As for what Fox News will inevitably call out as “conservative-bashing,” the episode essentially let’s Lisa do the talking, with most of the outright evil being perpetrated by Springfield’s notorious Republican party inner circle (which, as we’ve seen in the past, consists of Mr Burns, the Rich Texan, Rainer Wolfcastle, Krusty, Superintendent Chalmers, and Dracula.) It’s they who, coveting Isabel Gutierez’ Latina demographic, flood Springfield elementary (redubbed “Springfield Isabelementary”) with campaign propaganda and unsuccessfully attempt to bribe the principled young Republican with a wheelbarrow full of ice cream. Sure, Isabel is willing to reap the benefits of all this undemocratic special interest money (defending her acquiescence with a facile “money is free speech” talking point), but Lisa’s not blameless either, employing Bart as a James Carville-esque political operative to bombard the school with embarrassing training wheel bike-riding footage of Isabel and, well, actual bombardment balls festooned with her picture. Naturally, Lisa eventually thinks better of what Watergate conspirator Donald Segretti termed “ratfucking,” but, well, that’s why Lisa is Lisa. If there’s any Sugarbaker-style grandstanding going on, it’s in Lisa’s explanation to the school that liberalism, at it’s heart, means “that those who have more than enough should share with those who don’t.” That it passed the eye-glaze test for me is because such heartfelt sentiments, coming from the mouth of a decent child like Lisa comes across as guileless and kind. (And, of course, because I agree with it.)
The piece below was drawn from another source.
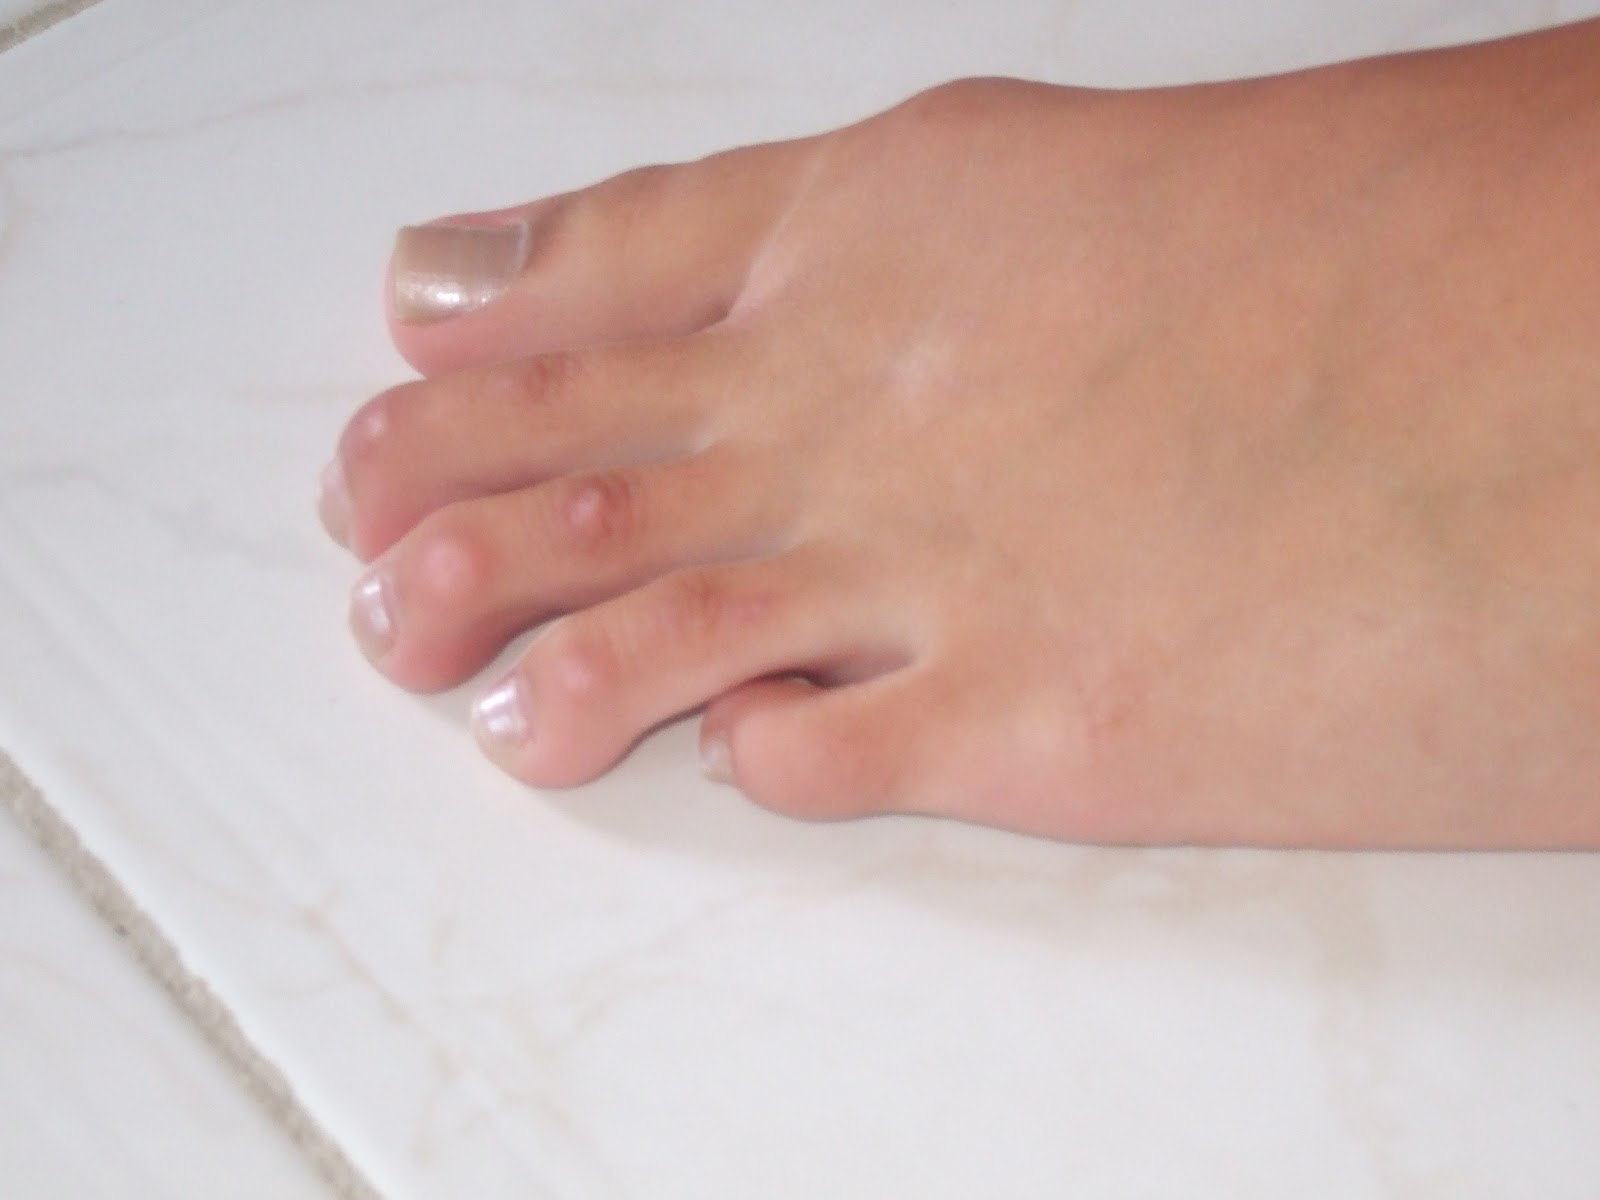 Hammer Toe

If there’s a bigger flaw with “The Kid Is All Right,” it’s that it’s just not very funny. Longoria brings nothing to the table, and there’s a dearth of quotable lines along the way. (Skinner’s glee at seeing Lisa “thoroughly de-high-horsed” notwithstanding.) For most of its running time (there’s no B story), the episode seems content to let Lisa learn (and teach) a lesson in plain old Lisa Simpson decency, and I was strangely okay with that (as ever, Yeardley Smith imbues Lisa with genuine heart). Taking time out from its seemingly accelerating descent into gag-driven wackiness, The Simpsons taking an episode to engage in more character-based storytelling isn’t necessarily a bad thing.

Stray observations:

  • The recent tradition of couch gag flights of fancy continues, with the Simpsons, transformed into musical instruments, rebelling jazzily against Mr. Burns’ “classical only” regime. While it’s not a bad approximation of the old “Silly Symphonies” Disney shorts (“Silly Simpsony”), I maintain that the time spent on these expanding gags would be better spent on the main story. Unless Guillermo del Toro is involved.
  • “Conservatives only get more conservative because each year they get a little further through Atlas Shrugged.”
  • Marge, explaining how people’s beliefs go through phases: “Bobby Kennedy worked for Joe McCarthy. And Larry David was on Fridays.”
  • I just didn’t get the running bit where Lisa and Bart belly up to Maggie’s imaginary watering hole to drown their troubles in imaginary booze. And whomever came up with Bart’s smarmy, sexist line to a stuffed pig, “I bet by the end of the night your gonna look pretty good” should just go work for Family Guy already.
  • Also, the way Isabel’s Republicanism is introduced makes no sense. She and Lisa worked on their presentation on FDR together, so presumably Lisa would have ferreted out the fact that Isabel thought the New Deal was unconstitutional, etc. Plus, the way Isabel announces her political leanings seems far too calculated to stun and dismay Lisa—if it was intended as a gambit on Isabel’s part, then she’d be portrayed as malicious throughout, which she’s not. It’s just a clumsy example of “premise introduction.”
  • And since I’m feeling complain-y, the wordless callback to Mr. Bergstrom was a major bummer—don’t take one of the best guest star/characters from a classic episode and brush it off with a cheap joke.
  • Lisa has her own library study carrel.
  • Bart’s figured out that karate instructor “Sensei Weinstein” is actually his therapist.